THE PROBLEM:
When you transcribe the lines below, keep every word the same and leave the pictures behind.

RAW DATA:
# # # # # # #
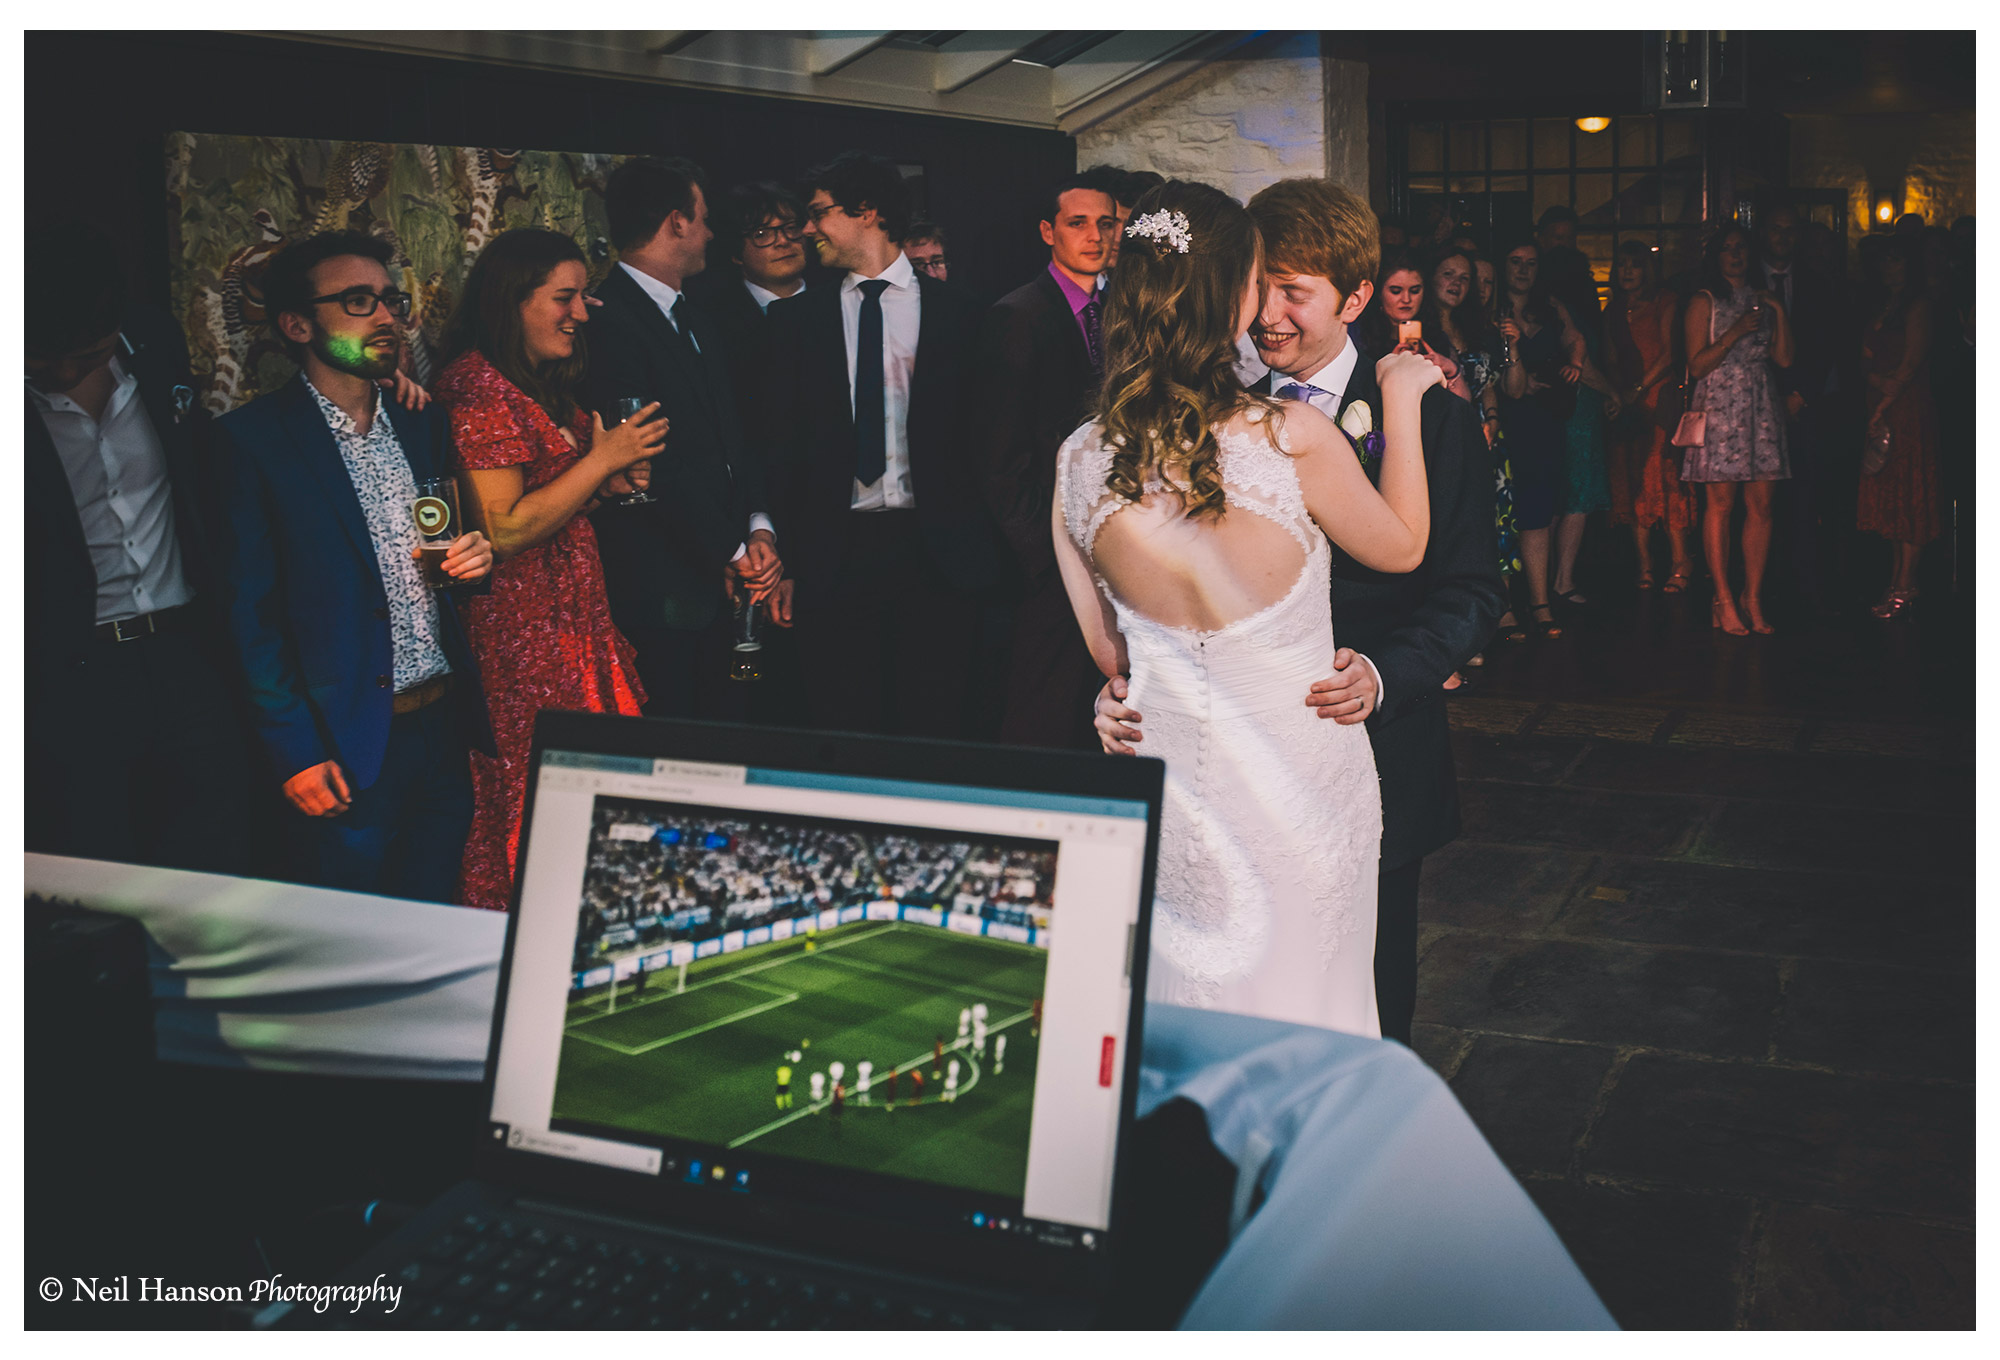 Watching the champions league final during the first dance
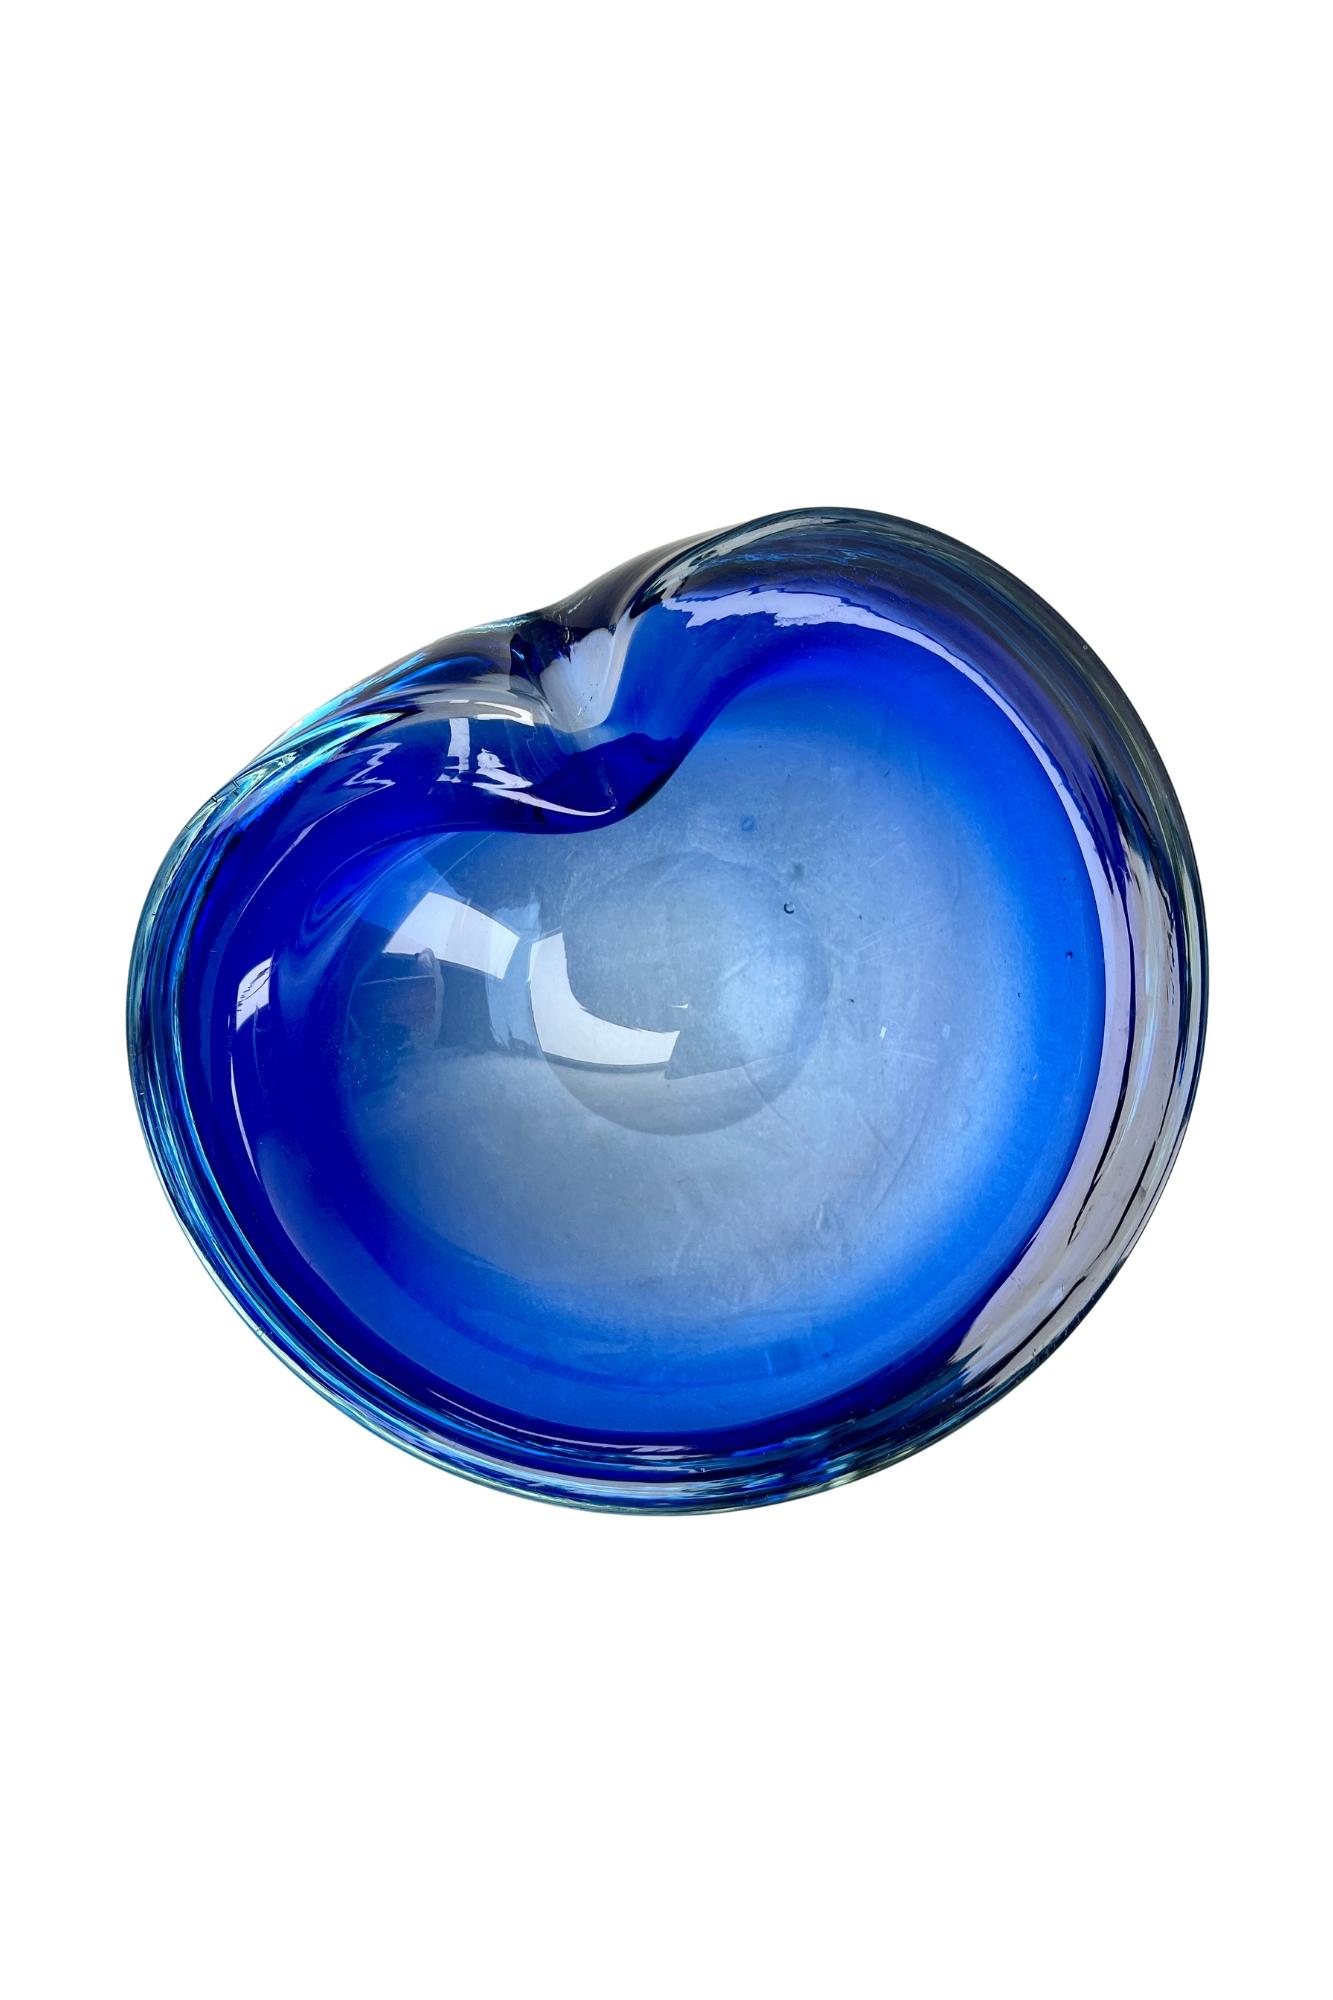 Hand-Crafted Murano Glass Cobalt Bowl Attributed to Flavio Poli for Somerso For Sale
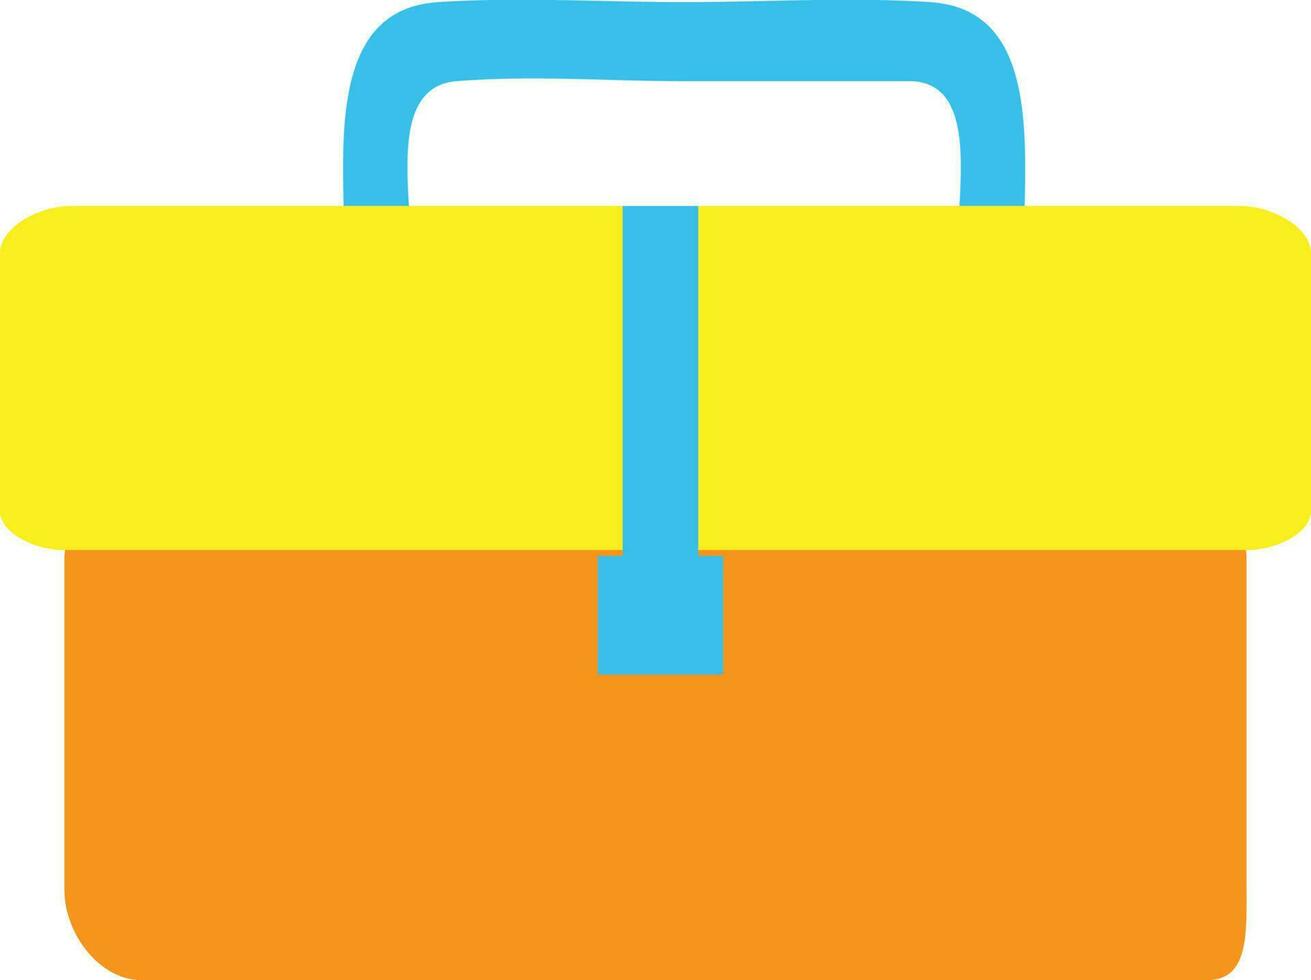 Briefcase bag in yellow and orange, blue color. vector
# # # # # # #
PROBLEM SOLUTION:
 Watching the champions league final during the first dance
 Hand-Crafted Murano Glass Cobalt Bowl Attributed to Flavio Poli for Somerso For Sale
 Briefcase bag in yellow and orange, blue color. vector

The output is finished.